Is it possible to use rem units in Chrome media queries?

rem units work flawlessly in Chrome, it just seems that they are not supported in media queries. Is this possible? Or is there something else wrong with this CSS?

body { background-color: yellow; }

@media only all and (max-width: 40rem) {
    body { background-color: red; }
}

@media only all and (min-width: 40rem) and (max-width: 60rem) {
    body {background-color: green;}
}

@media only all and (min-width: 60rem) {
    body { background-color: blue; }
}

Live at http://jsfiddle.net/jsQ2N/2/show/, em-only version at http://jsfiddle.net/jsQ2N/3/show/.

回答1:

The spec says this about relative units such as both rem and em:

Relative units in media queries are based on the initial value, which means that units are never based on results of declarations. For example, in HTML, the ‘em’ unit is relative to the initial value of ‘font-size’.

(The initial value of font-size is medium, which is usually equal to the default font size setting in the browser's user preferences.)

Since Media Queries 3 doesn't define special rules for any specific units besides the above quote on relative units, rem should act like em, working off the initial value of font-size. If it doesn't work in Chrome, it's most likely a bug.



回答2:

It turns out that this is Webkit issue #78295 (unresolved as of 2012-08): Support for CSS rem unit in Media Queries (via http://fvsch.com/code/bugs/rem-mediaquery/).



回答3:

After posting the answer below this question bugged me. I did a little more testing in Chrome with the site I'm working on. The post about rem's being a bug in Chrome is correct, they don't work, so I'm changing to pixels just for the media queries.

*To answer your question, rems are working for me to adjust the height of a content area using media queries. It's how Chrome interperets browser width that seems to differ from Firefox, but that's not a rem based problem.
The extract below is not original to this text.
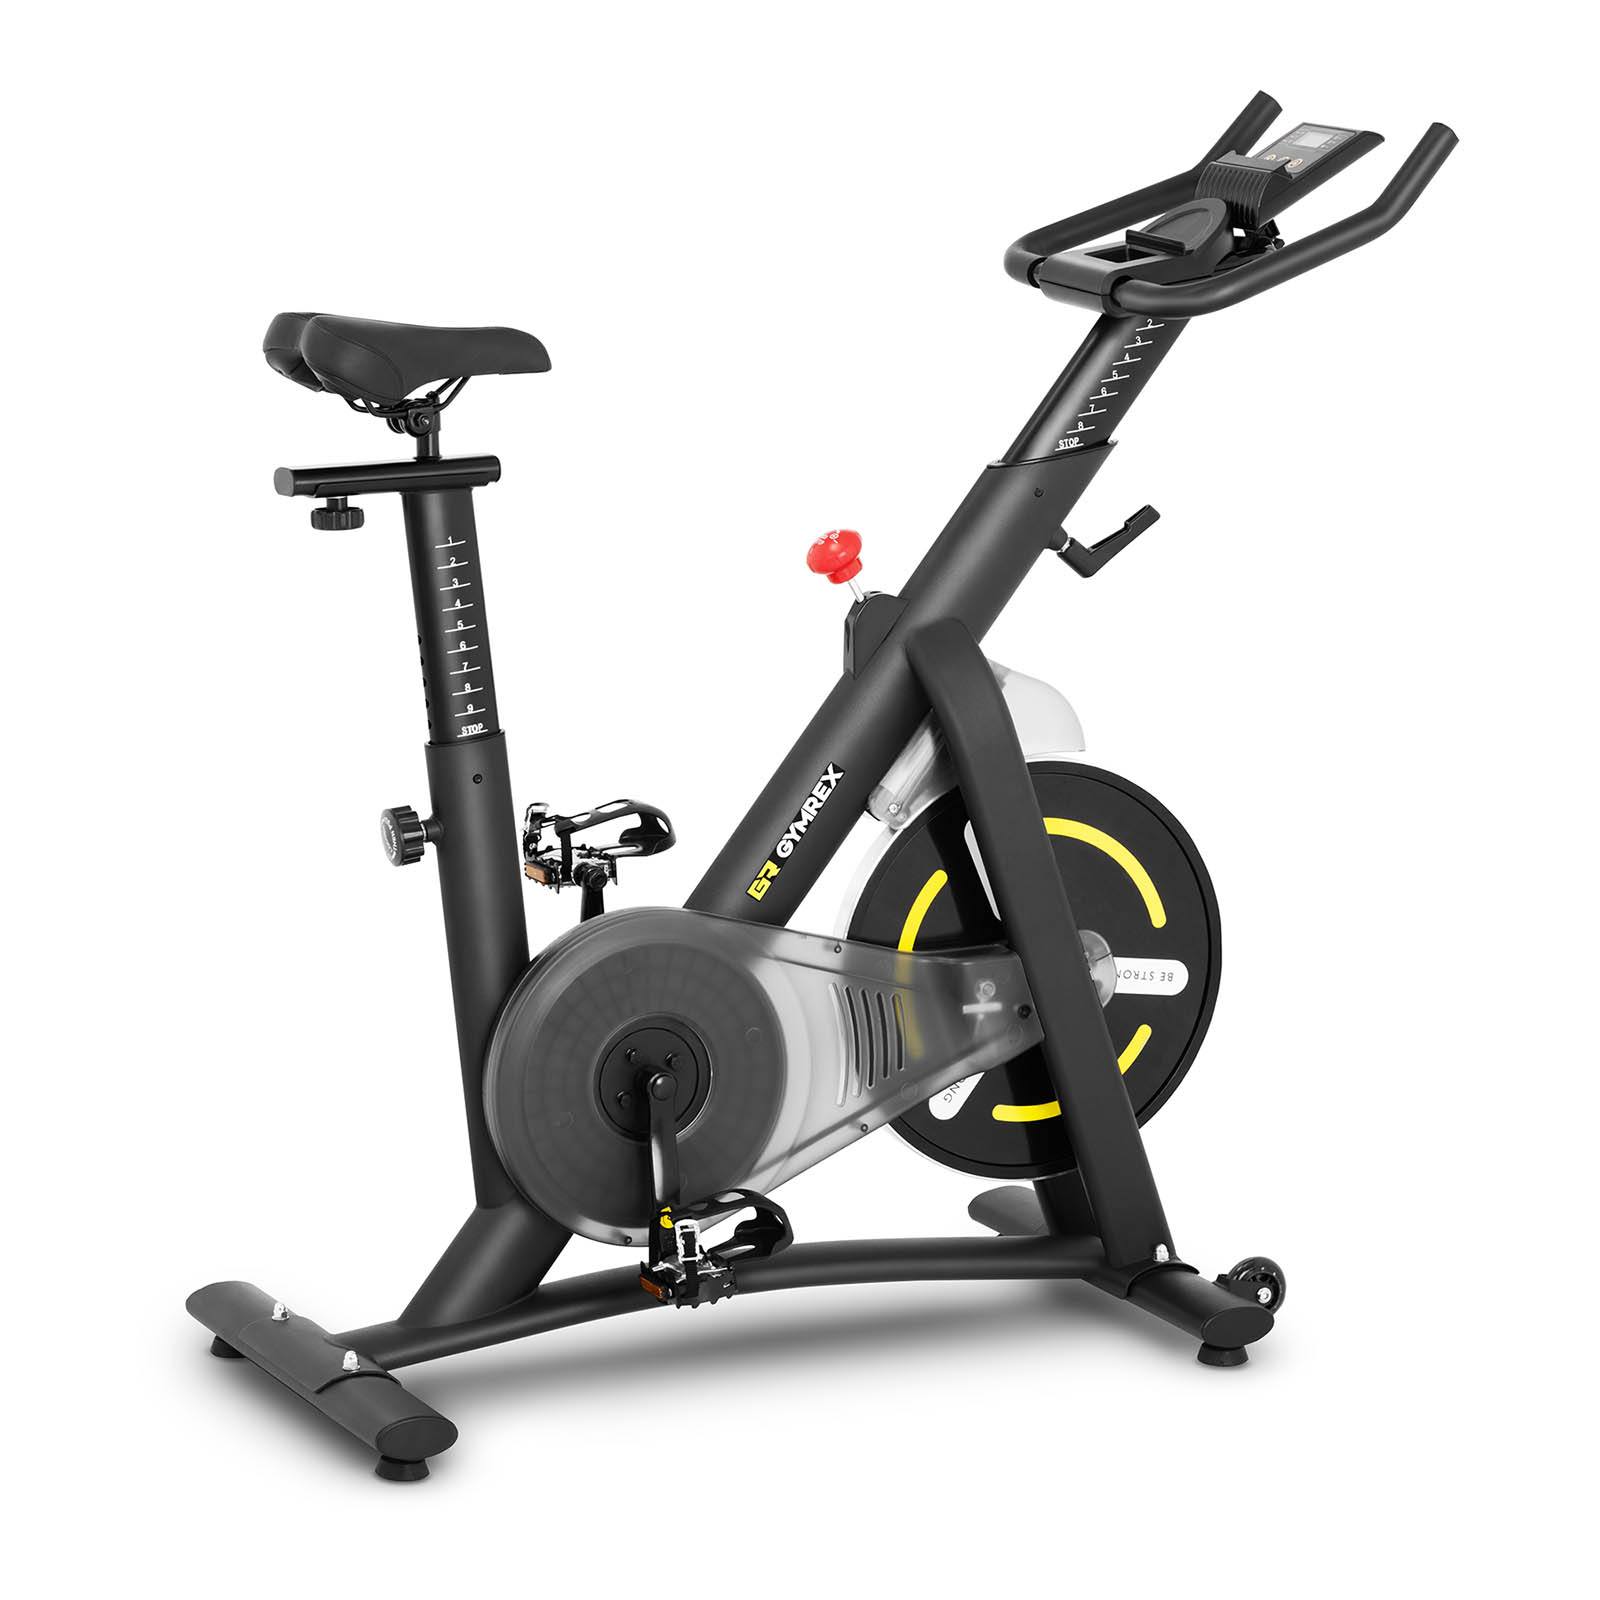 Stacionárny bicykel - LCD panel Gymrex   GR-MG13
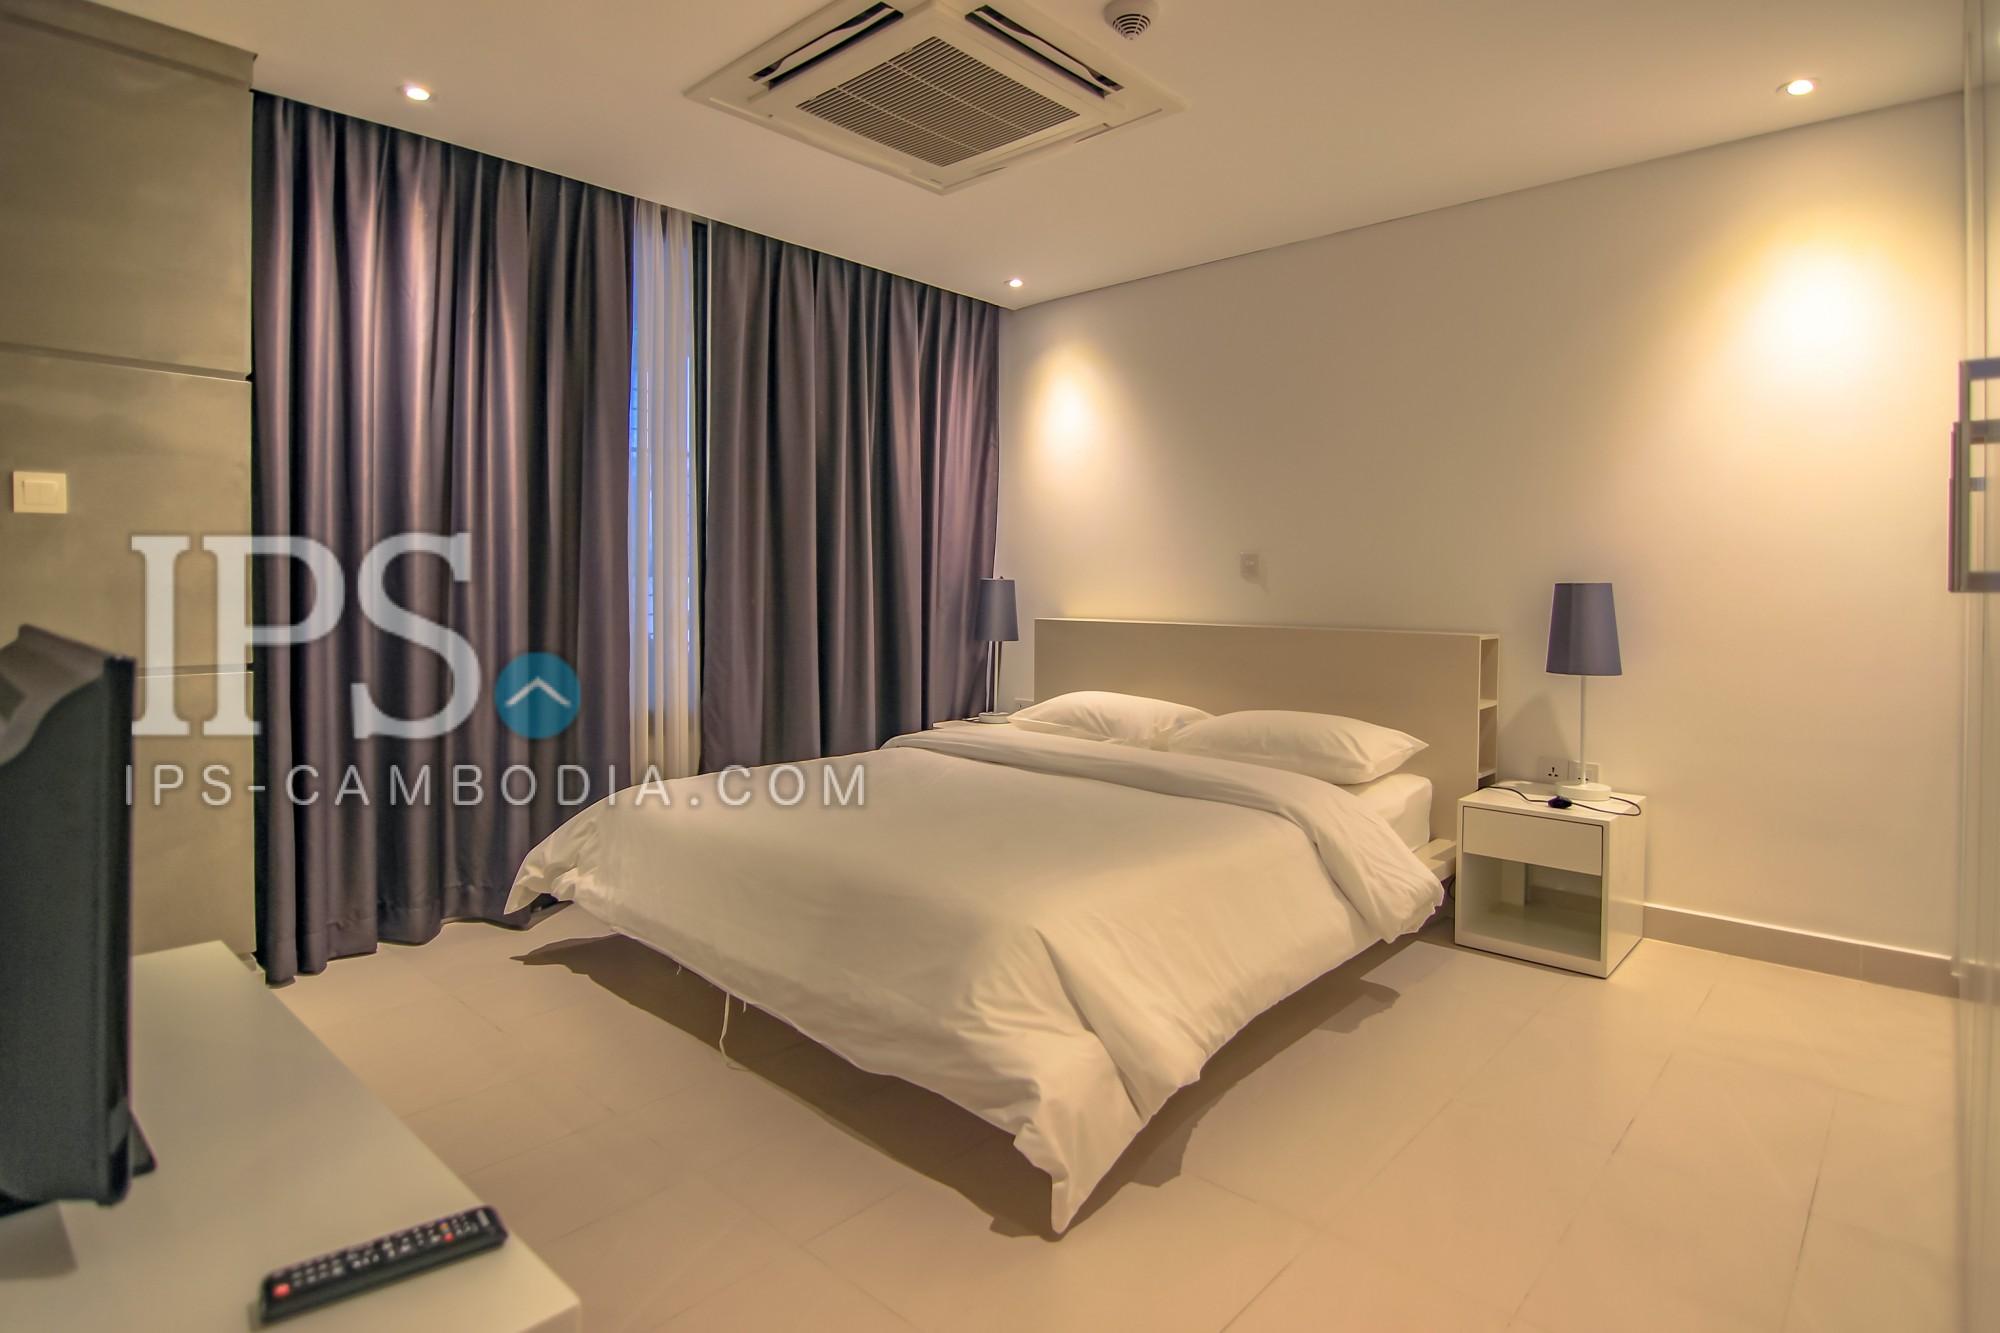 2 Bedroom Serviced Apartment for Rent - Daun Penh

Keep in mind, when I use rems and ems it is after setting font-size: 1em; or font-size: 16px; for html or body. I'm leaning towards sticking to font-size: 1em; on the html tag. That creates a default that works from whatever the user has set for a default font size, on whatever device they're using. Rem's are relative to the root value of 1em. That root value is given by the user's default font-size, so everything should scale according to the user's font size preference and be device/pixel-density independent.

This means whether the user is using a "normal" 72 or 96 pixel/inch device, or a Retina (or other high pixel density screen) everything should look "relatively" the same from device to device.